Chamber flags commerce deficit, power prices and weak funding regardless of easing inflation
LCCI President Faheemur Rehman Saigol. Photograph (file)
LAHORE:
President of the Lahore Chamber of Commerce and Trade (LCCI), Faheemur Rehman Saigol, has described 2025 as a yr of gradual financial stability for Pakistan however warned that main structural challenges proceed to limit sustainable progress.
In response to an announcement issued on Tuesday, Saigol stated a number of financial indicators improved in the course of the yr. Nevertheless, points together with a widening commerce deficit, excessive power prices, gradual funding and a restricted tax internet stay severe obstacles for the financial system.
Emphasising ease of doing enterprise, he stated traders require predictable insurance policies and decrease prices to speculate confidently in home industries. He expressed concern over excessive electrical energy costs, misuse of statutory regulatory orders and delays in export coverage reforms.
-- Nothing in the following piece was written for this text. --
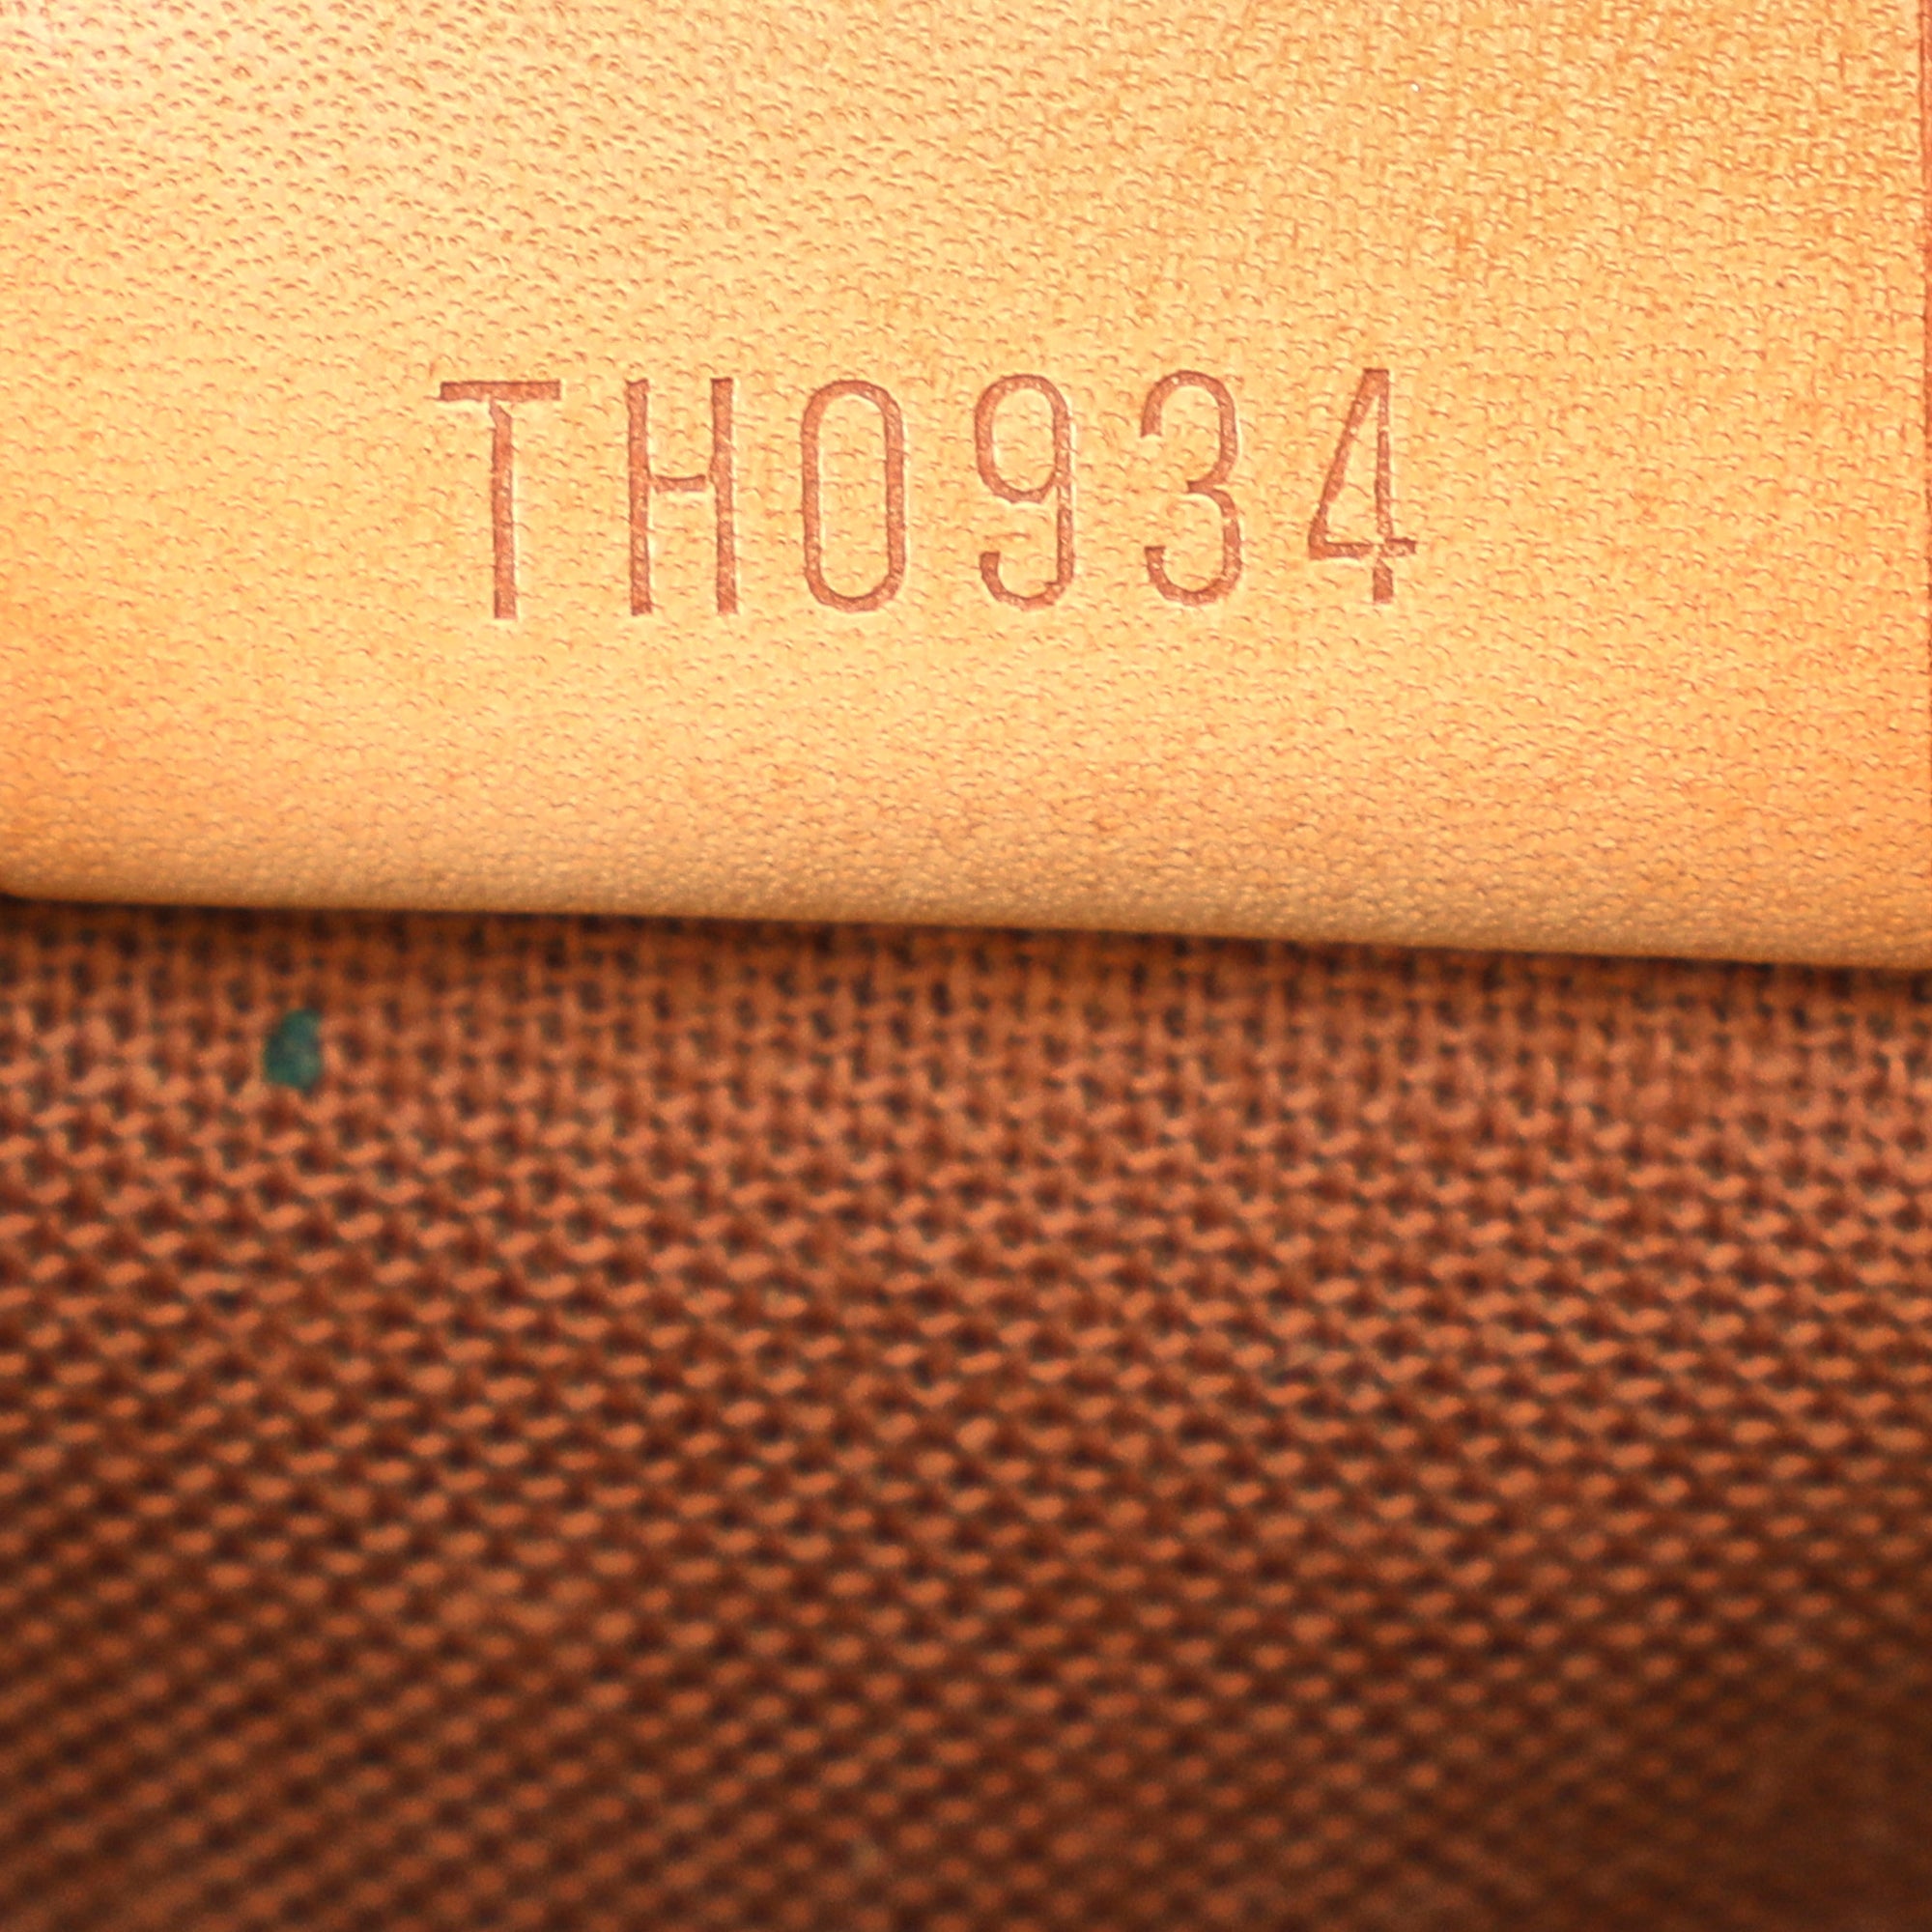 Louis Vuitton Speedy 40 Mini Boston Bag

He additionally referred to as for bringing exports again underneath the ultimate tax regime to assist exporters.
Saigol stated the commerce deficit continues to pose a significant problem and requires pressing consideration. He welcomed the current privatisation of Pakistan Worldwide Airways, noting that its acquisition by a Pakistani consortium mirrored rising native investor capability. He added that privatisation of different state-owned enterprises needs to be pursued.
Reviewing broader traits, he stated constant insurance policies, financial reforms and powerful remittance inflows helped enhance the enterprise local weather and restore confidence for funding, exports and industrial exercise.
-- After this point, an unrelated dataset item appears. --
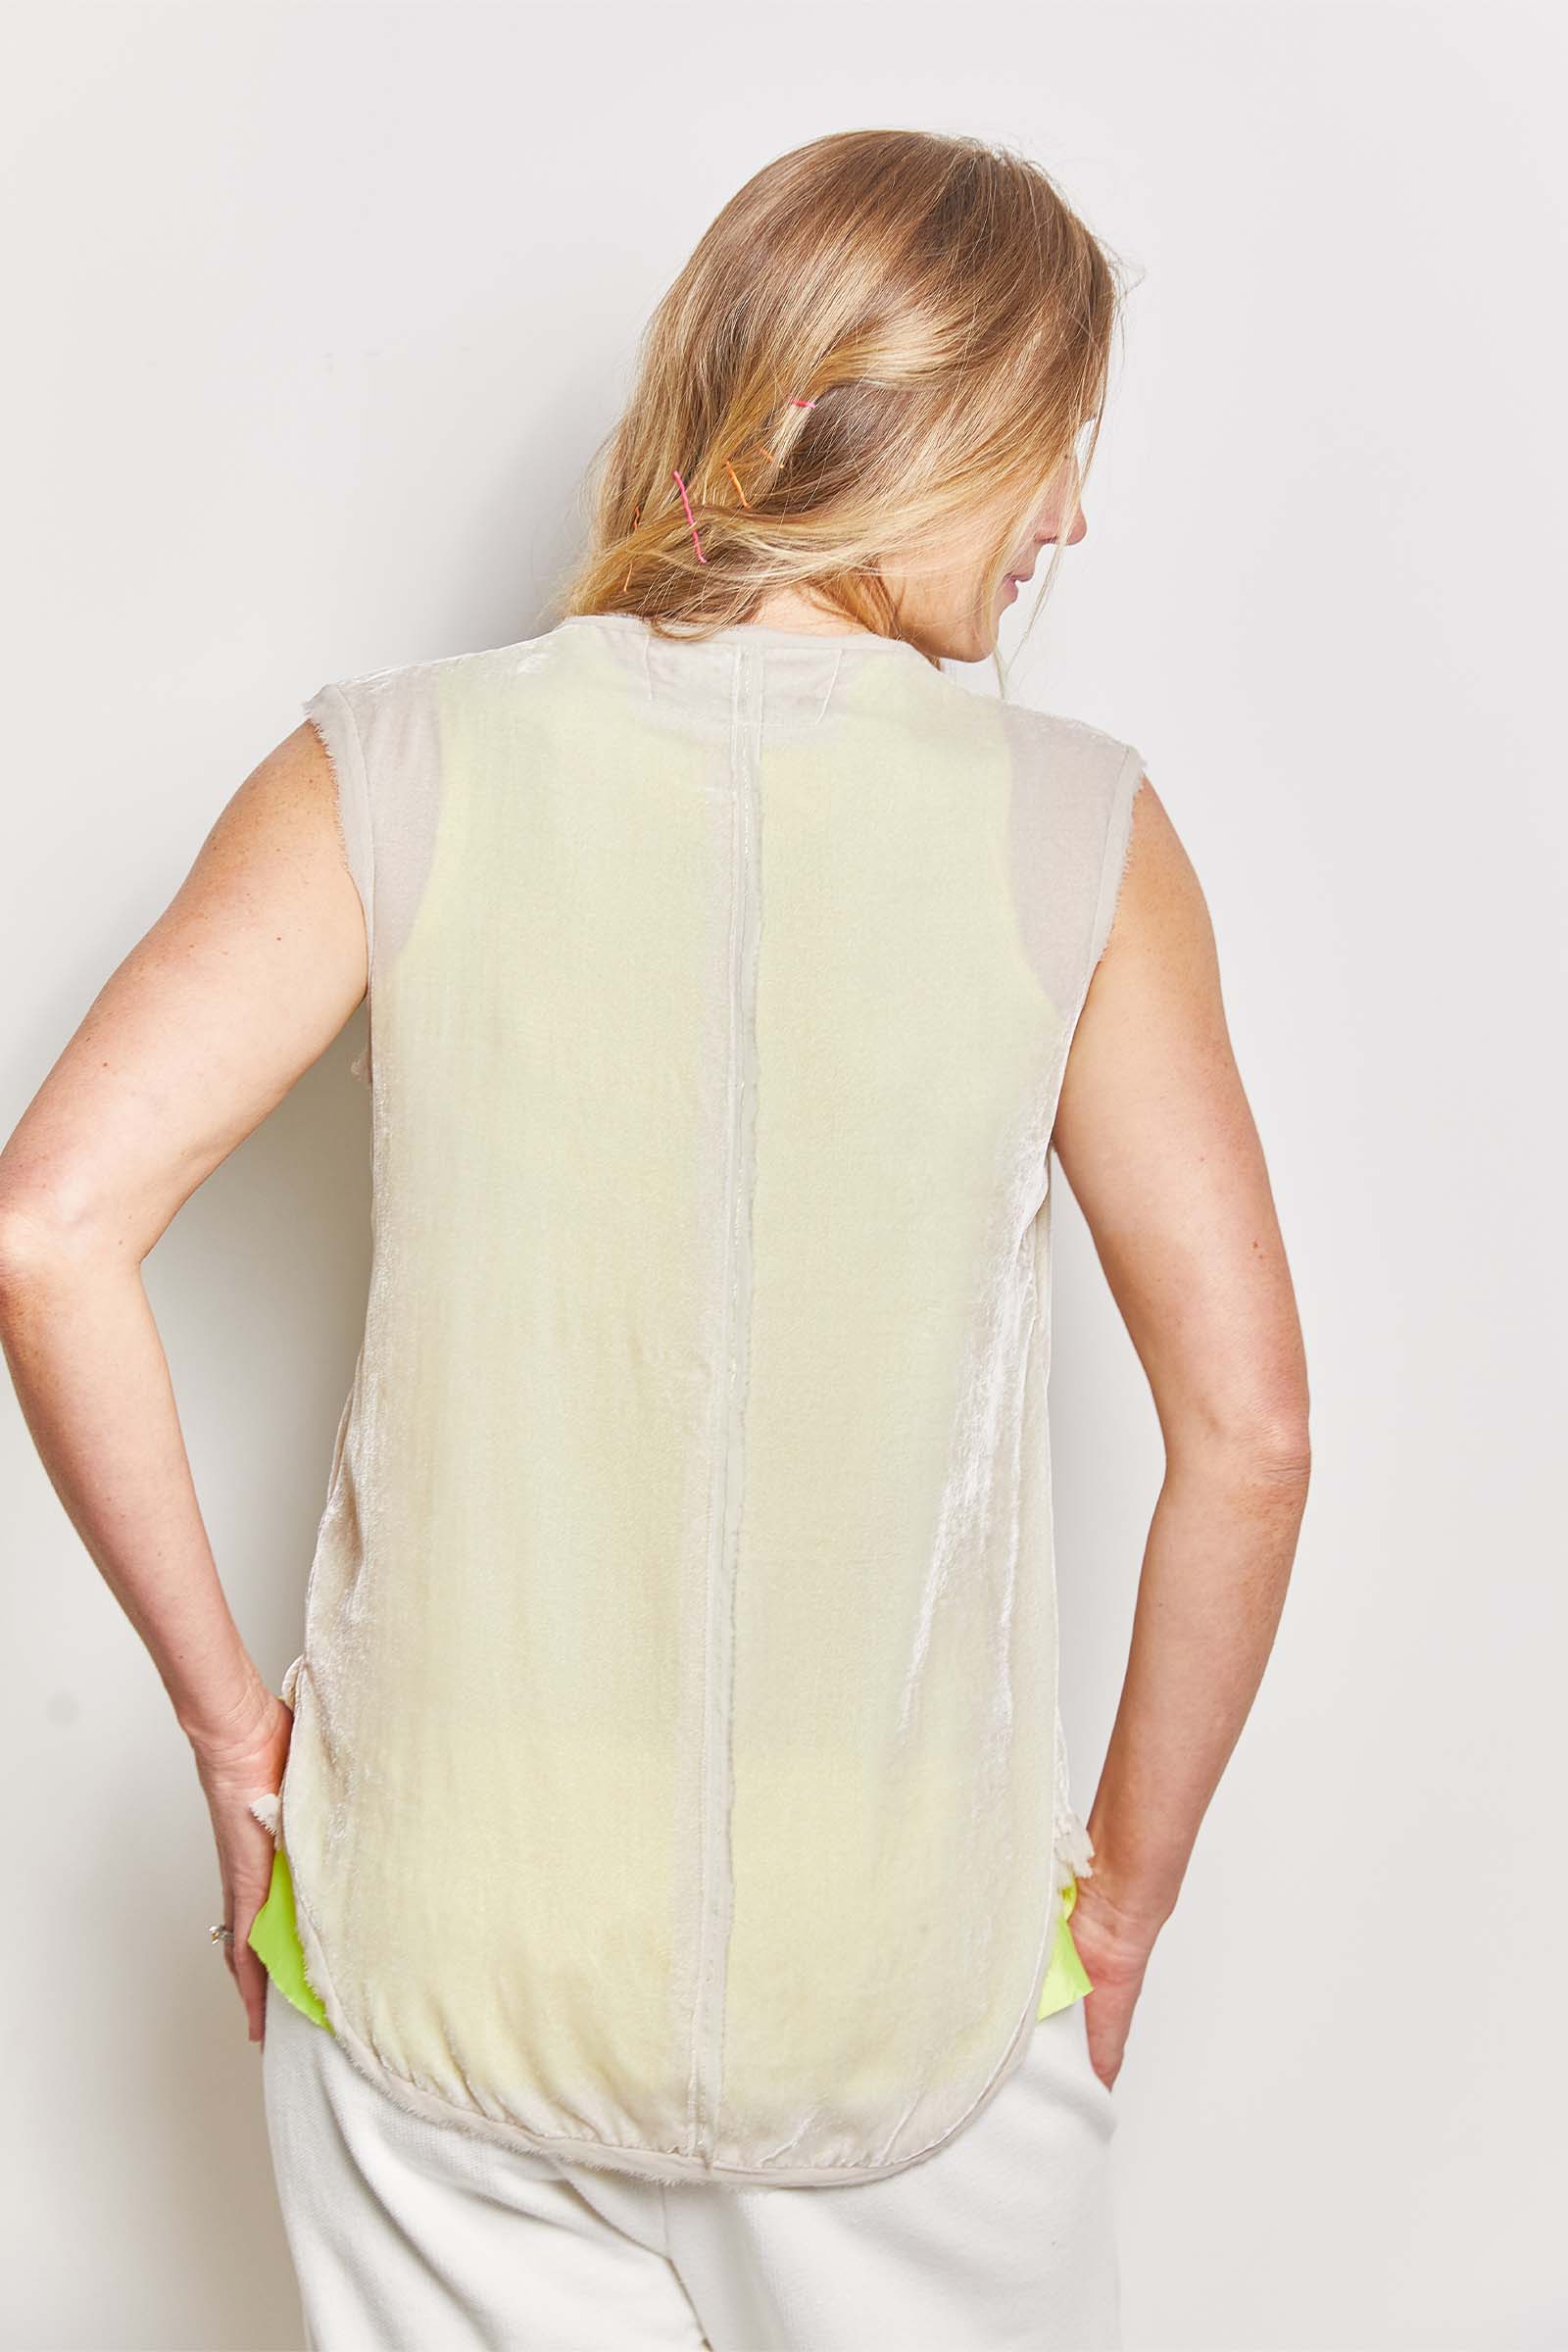 byfreer languid silk velvet sleeveless top.

He highlighted that remittances reached about $38.3 billion in FY2024-25, a 26% enhance from the earlier yr, and are anticipated to method $42 billion by year-end. Remittances throughout JulyNovember FY2025-26 exceeded $16 billion, exhibiting over 9% progress year-on-year, based on official knowledge.
Saigol stated robust inflows supported overseas trade reserves, stabilised the rupee and decreased import pressures. He additionally cited a pointy decline in inflation, with common inflation falling to 4.5% from 23.4% a yr earlier, easing strain on customers and companies.
He famous improved market confidence, mirrored within the KSE-100 index surpassing 170,000 factors, increased overseas trade reserves and decreased rates of interest, which lowered borrowing prices. Regardless of progress in IT exports, he stated funding remained under expectations attributable to excessive power prices. He concluded that lasting progress requires continued reforms in power, exports and taxation.